* DESCRIPTION OF THE TASK *
What is needed is the exact text of each line in the listing below from the one with "jam is ready in the pan" up to and including the one with "Alex Cole cabin", and no pictures.

* SUPPLIED DATA *
>>

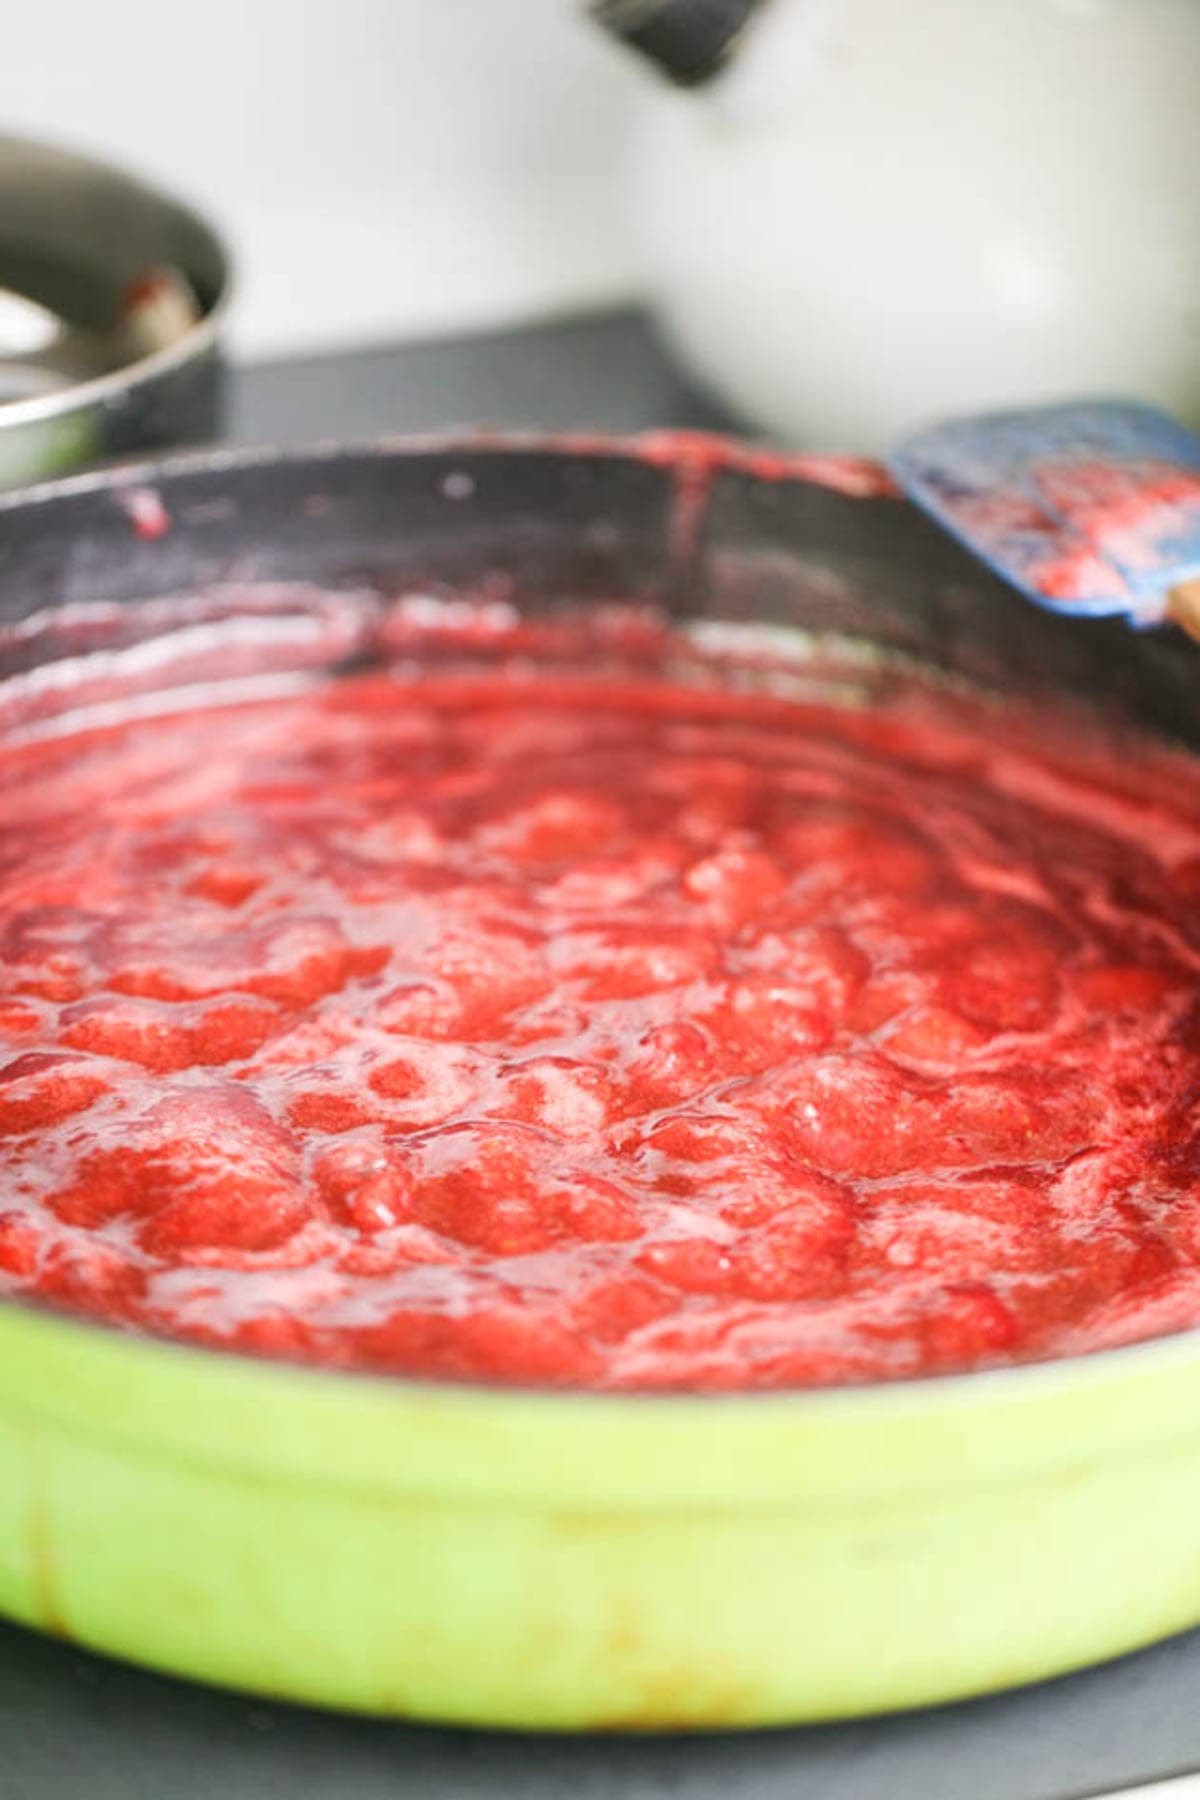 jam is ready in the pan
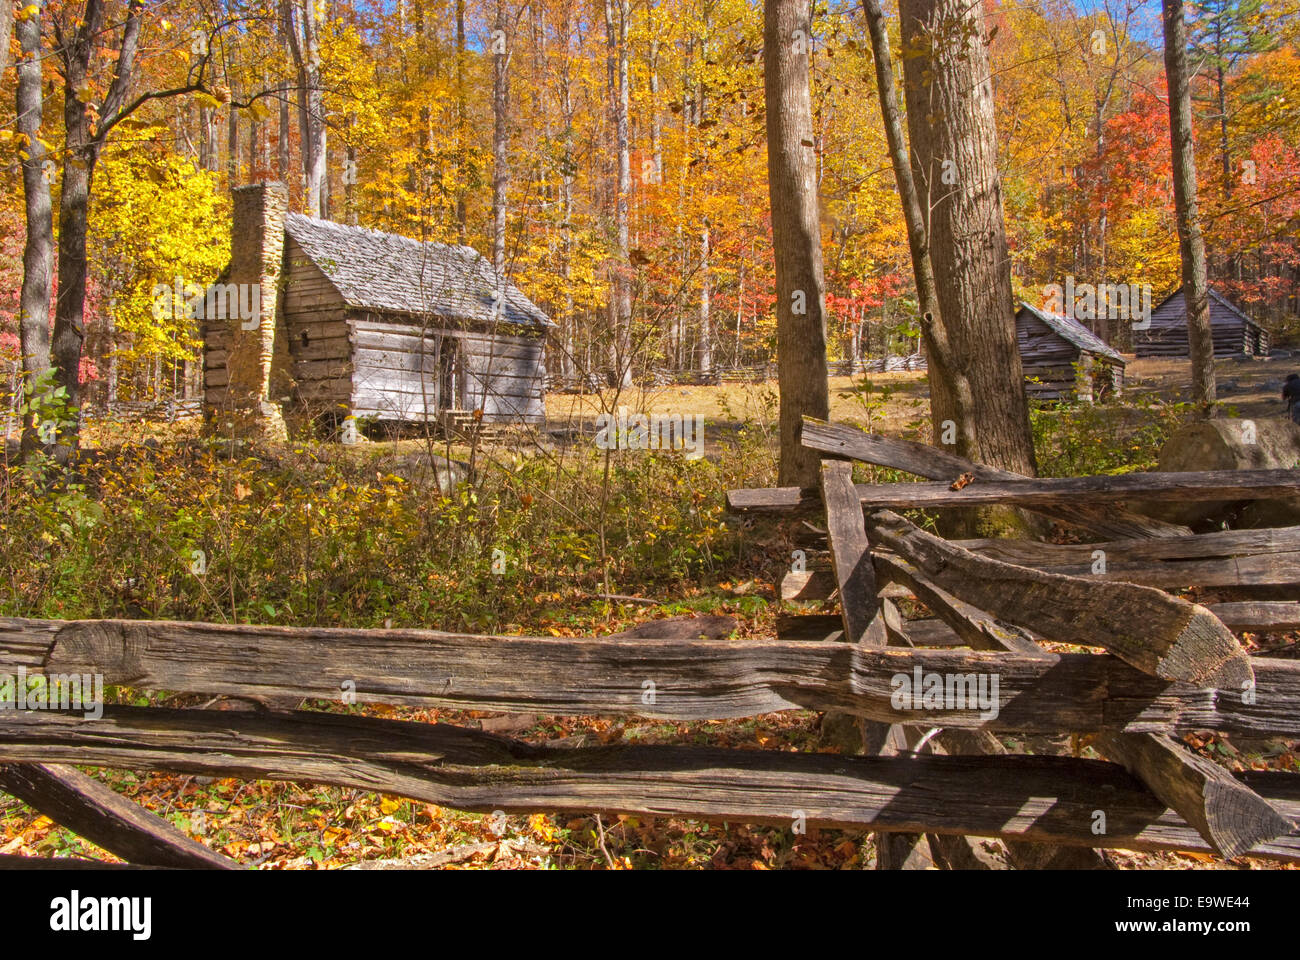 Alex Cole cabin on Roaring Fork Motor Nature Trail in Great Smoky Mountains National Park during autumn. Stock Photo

<<
>>

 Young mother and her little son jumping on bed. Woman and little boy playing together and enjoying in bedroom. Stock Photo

<<

* OUTPUT FOR THIS EXERCISE *
 jam is ready in the pan
 Alex Cole cabin on Roaring Fork Motor Nature Trail in Great Smoky Mountains National Park during autumn. Stock Photo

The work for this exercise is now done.